Though someone held a compress to her neck, darkness swirled at the edges of her vision. She fought to keep her feet under her, then gave up and let her full weight pull her down in their grip. For several minutes, she heard the chatter of the men like the buzzing of bees. She heard the clack of typing, she heard the accountant triumphantly announce he’d corrected all her attempted thievery.
The ambiance of the room shifted from tense and angry to relieved. The guards patted the accountant on the back. Through the forest of legs that were moving about before her eyes, Talto realized they were all wearing pants. No gray silk.
With a scream of anguish she began to sob. “Ailo’s gone,” she said.
Everyone turned to check the room.
“She made me do this,” Talto wept. “She made me read the accountant. She made me steal from you so there would be a distraction.”
Menessos crouched before her. “Why?”
Talto looked up into his eyes. “So she could steal the girl-child.”
CHAPTER FORTY-TWO
People say water is crisp and refreshing when they are hot and the liquid is cool. I don’t think I’ve ever been that hot. To me, if a drink has the same adjective as, say, a cracker, something is wrong.
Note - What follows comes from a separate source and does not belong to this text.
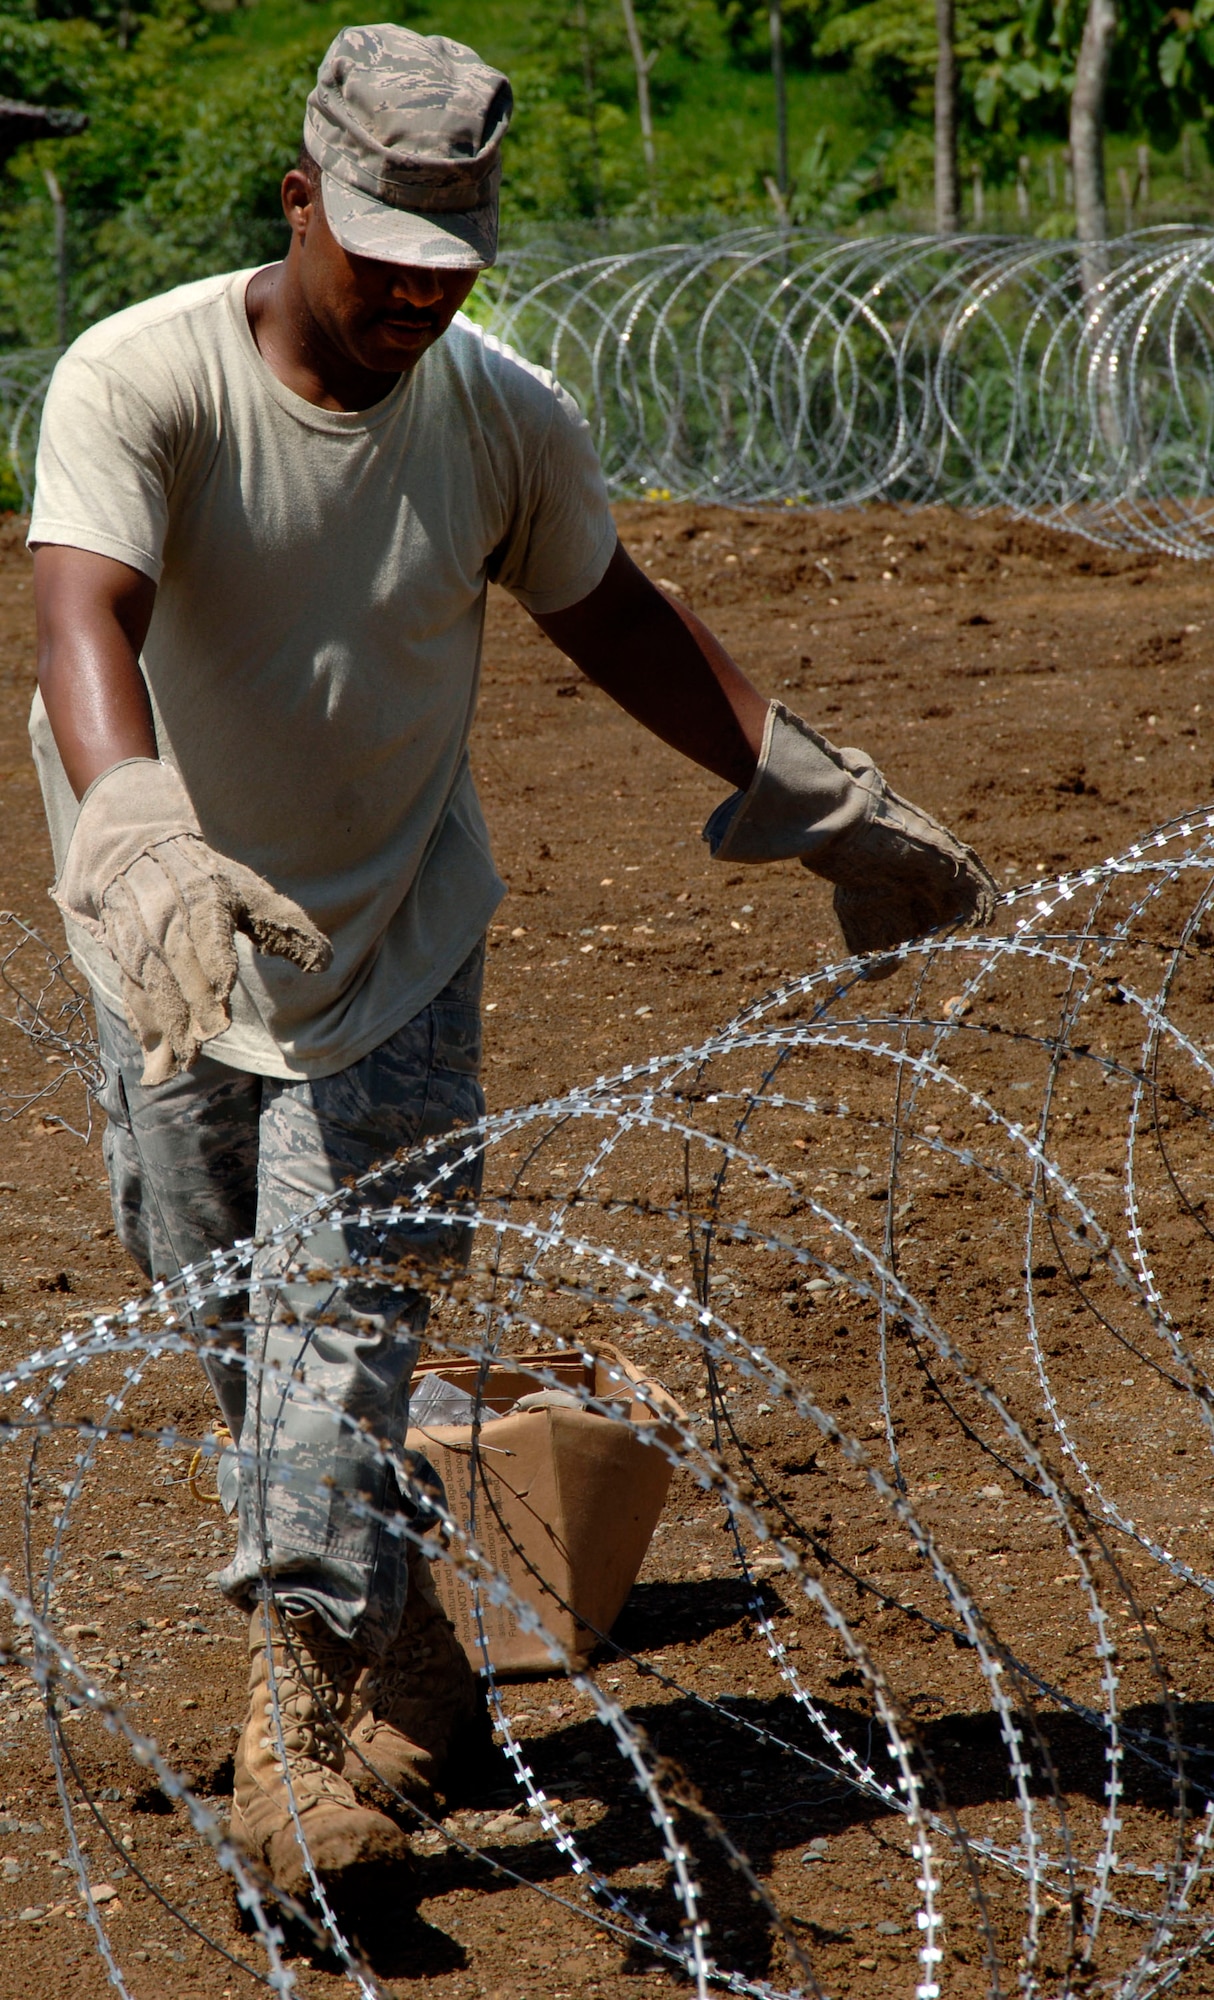 Master Sgt. Benny Baker, 12th Air Force (Air Forces Southern), places concertina wire around the temporary encampment that will house more than 250 Airmen, Soldiers, and Marines for New Horizons Panama 2010. (U.S. Air Force photo/Tech. Sgt. Eric Petosky)

But the water in the goblet Hades gave me hit my tongue like a brittle frost. It was so sweet and so cold at once that it hurt. It seeped through my teeth, infused my tongue. It crackled into my jawbone like magic. And I could feel it moving higher.
“What have you done?”
Hades smiled. “You agreed that I might satisfy myself two ways. You are too suspicious, too
My mind raced. The river. He told the man to fetch the water from the river. “Lethe.”
He nodded.
“You double-crossing bastard.” It was the river of forgetfulness. “This wasn’t part of the deal.” The magic in the water had risen to my temples. It was reaching its arms—no, its tentacles—of static across my cranium, and fingers of fire curled around my eye sockets. I covered my face with my hands. My knees weakened and buckled.
“Don’t take my mind,” I cried. “Not my memories.”
He crouched beside me and put a reassuring hand on my shoulder. “There’s only about a minute left now. It will be all right. I will care for you.”
He was erasing from my mind all the people I knew and cared for, wiping away what little I knew about being the Lustrata. “You’re stealing who I am!”
“I must be paid, dear Persephone. When I am, I will . . . ” He snapped his fingers and the stone of our deal appeared. He read: “ . . . secure the safety of all those you hold dear, without harming others, and without taking anything from others be they innocent or guilty.” He snapped his fingers and the tablet disappeared. “As promised.”
The world swam before me. I felt like I was floating in a river, bobbing on the surface and feeling the current pulling at my feet. I put my hands down to the ground to steady myself. “They’ll be safe, you swear?” I choked on the words.
“I swear.”
I could tell my torso was leaning this way and that. I was trying to tell which way was up, where my balance was, but I kept overcompensating. I widened my arms and dug my fingers into the ground. “What of my destiny?”
His warm hand cupped my chin. It was stabilizing. I was grateful for it and I loathed him for it all at once.